People, Travel

Funds Allocated to Restore 11 Qanats

Funds Allocated to Restore 11 Qanats
Funds Allocated to Restore 11 Qanats

The government has earmarked 300 billion rials ($7.9 million) for the next fiscal year (starts March 21, 2017) for the restoration and preservation of 11 qanats inscribed on the UNESCO World Heritage List last year under the name "Iran's Ancient Qanat System".

"Each qanat will receive a specified amount of money depending on factors such as their location, tourism capacity and level of restoration," Mohammad Hossein Talebian, a deputy for cultural heritage at Iran's Cultural Heritage, Handicrafts and Tourism Organization, was quoted as saying by IRNA.

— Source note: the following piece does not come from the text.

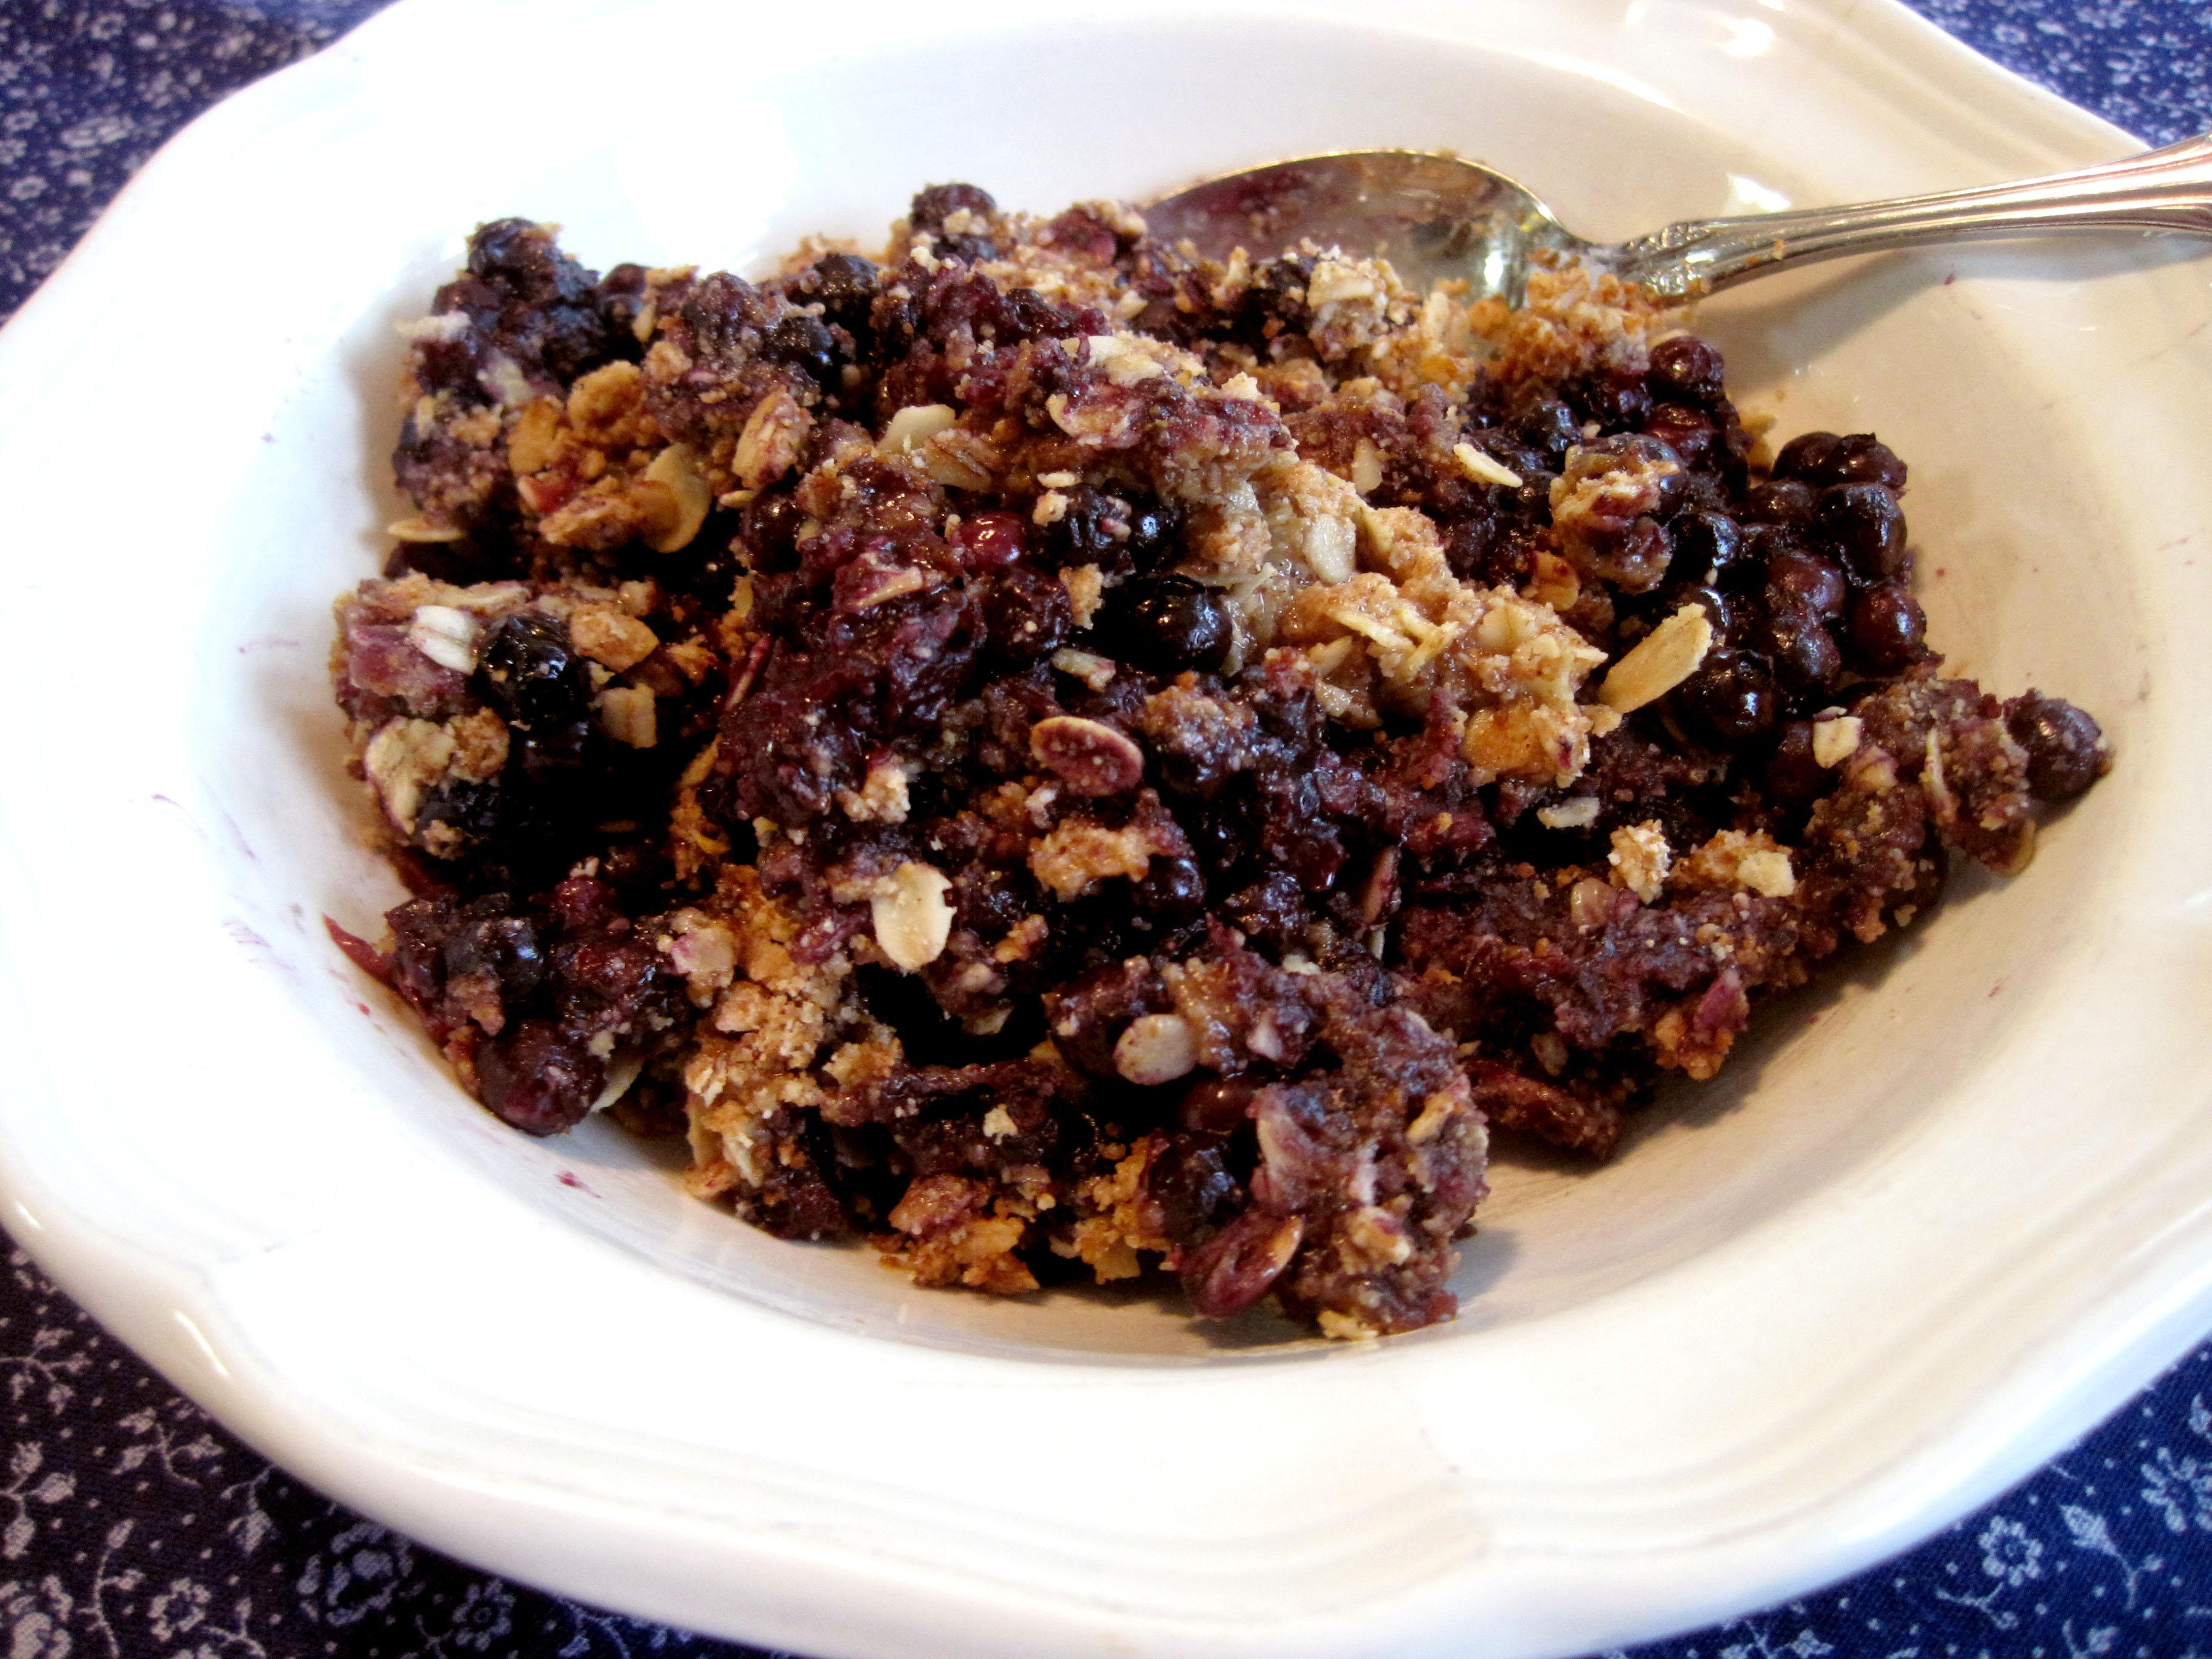 Warm Blueberry Crumble – Gluten-Free

Qanats are underground aqueducts first used by Persians c. 1000 BC. These structures were used to transfer water from aquifers in highlands to the surface at lower levels by gravity. Historians believe the qanats of Iran were built on a scale that rivaled the great aqueducts of the Roman Empire.

"Among the estimated 37,000 qanats throughout the country, 120 have been identified and located by the experts. However, only 11 were able to receive UNESCO status," Talebian said.

The official said world heritage sites are under the protection of UNESCO and other international organizations, which bring global attention to them.

"It is imperative to ensure the qanats' structural stability, which task falls on ICHHTO, local water and cultural heritage officials and the Ministry of Agriculture," Talebian said.

Throughout the arid regions of Iran, agricultural and permanent settlements are supported by the ancient qanat system of tapping alluvial aquifers at the heads of valleys and conducting the water along underground tunnels by gravity, often over many kilometers.

South Khorasan, Yazd, Kerman, Isfahan and Markazi provinces are home to the 11 qanats inscribed on UNESCO's World Heritage List. Reportedly, some of them include rest areas for workers, water reservoirs and watermills.

The traditional communal management system still in place allows equitable and sustainable water sharing and distribution.

The qanats provide exceptional testimony to cultural traditions and civilizations in desert areas with an arid climate.